On Wed, Jun 26, 2013 at 2:24 PM, Michael Thomas <[email protected]> wrote:

> On 06/26/2013 11:22 AM, David R Oran wrote:
>
>> On Jun 26, 2013, at 1:46 PM, Michael Thomas <[email protected]> wrote:
>>
>>  On 06/26/2013 10:42 AM, Mark Townsley wrote:
>>>
>>>> On Jun 26, 2013, at 3:52 PM, Ted Lemon wrote:
>>>>
>>>>  On Jun 26, 2013, at 4:08 AM, Mark Townsley <[email protected]> wrote:
>>>>>
>>>>>> That explicit statement went away in RFC 3315, though the terminology
>>>>>> section makes it very clear that a Host is not a Router.
>>>>>>
>>>>> DHCPv6 PD is explicitly for configuring routers, so I think this
>>>>> assertion is wrong.
>>>>>
>>>> This was linked back to the assertion that "the IETF has a
>>>> configuration protocol, it is DHCP" or some such. I was simply trying to
>>>> point out what "the IETF" has on record in this regard.
>>>>
>>>> Certainly, we often use protocols beyond their original intent.
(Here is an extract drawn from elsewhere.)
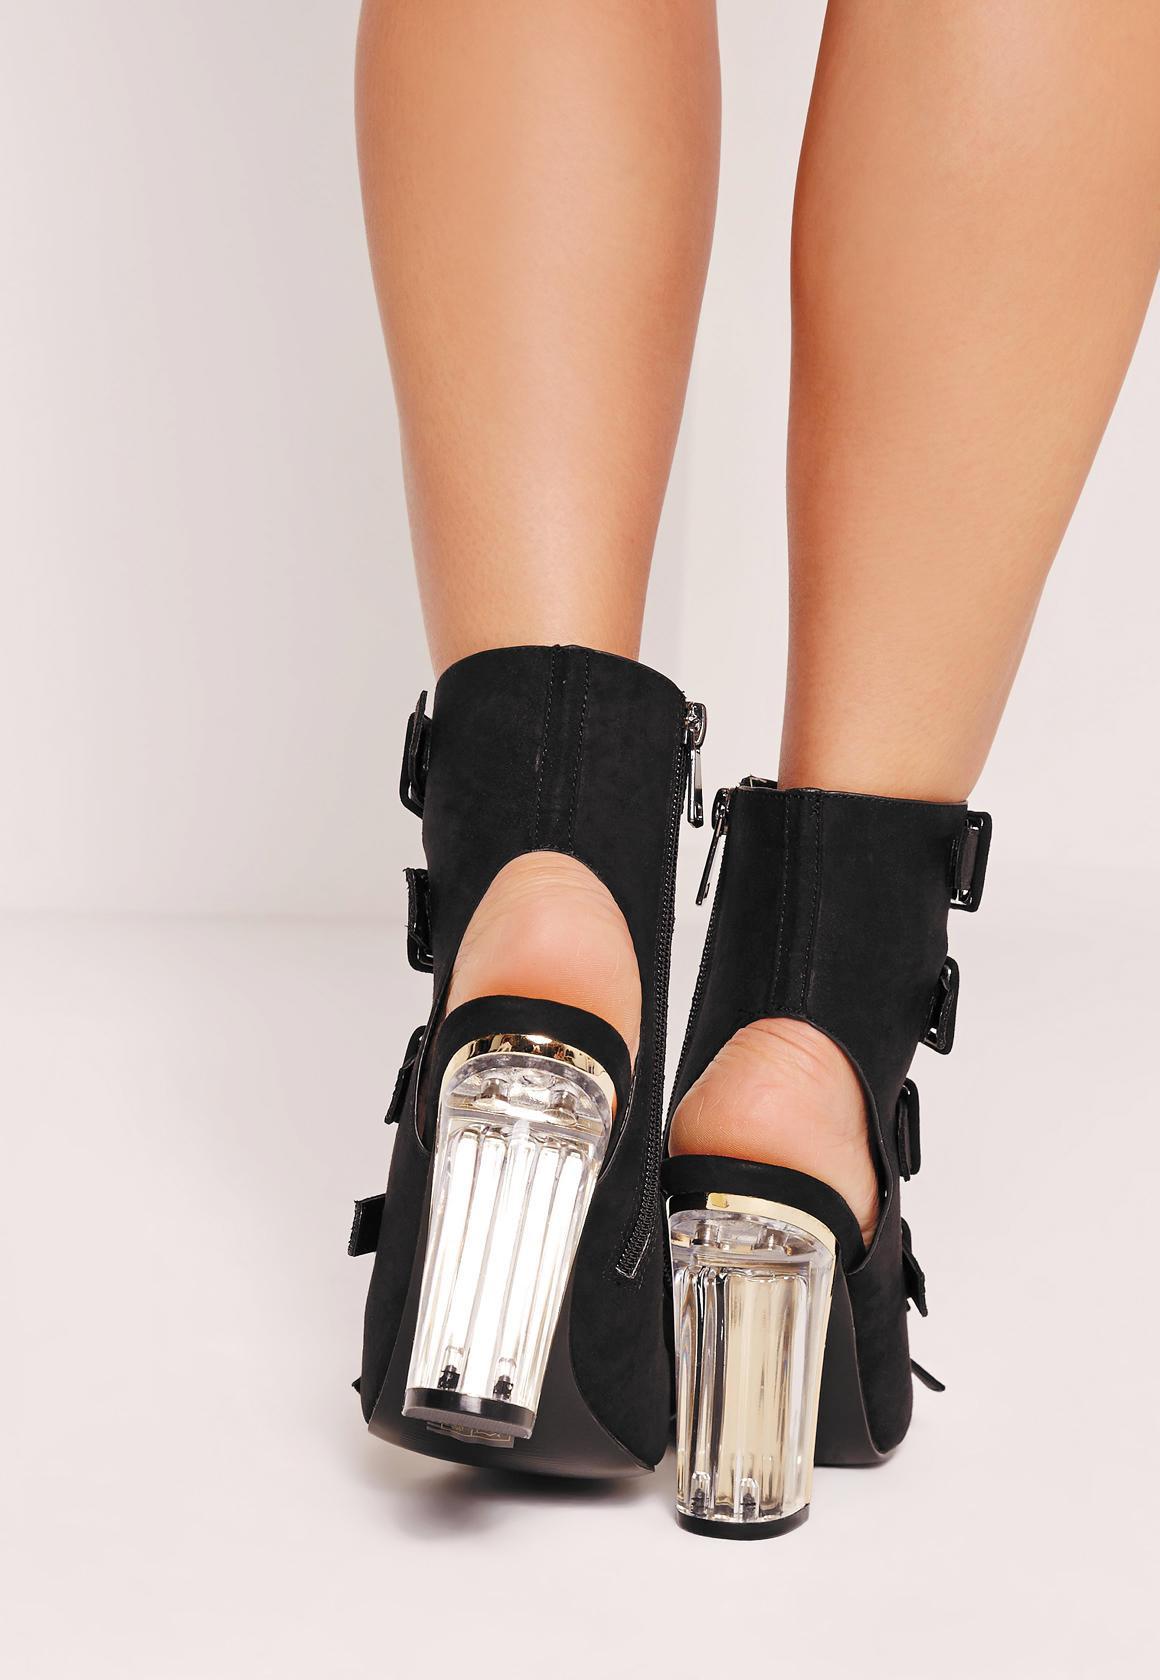 Buckle Detailed Block Heeled Sandals Black

RFC
>>>> 5218 calls this "Wild Success", with plenty of examples.
>>>>
>>>> DHCPv6 PD has been referred to by one of its co-authors as "a Fax
>>>> replacement", so that the user doesn't have to type in his prefix sent to
>>>> him in printed form from his ISP. I think that analogy was given to sway
>>>> anyone away from trying to rely on it for more than a very long-lived,
>>>> essentially static, value from an ISP.
>>>>
>>>>  Isn't a Somebody's-Law that states that "every successful protocol
>>> will become a
>>> transport protocol for something else”?Yup. I claim
>>>
>>>  Yup - I claim to have coined that one.
>>
>>
> Heh -- I definitely heard it from you first :)
>
>
>
And it's soooo true, though I managed to discourage using X protocol as an
RPC framework, back in the day.

Unfortunately, no success with HTTP :-(.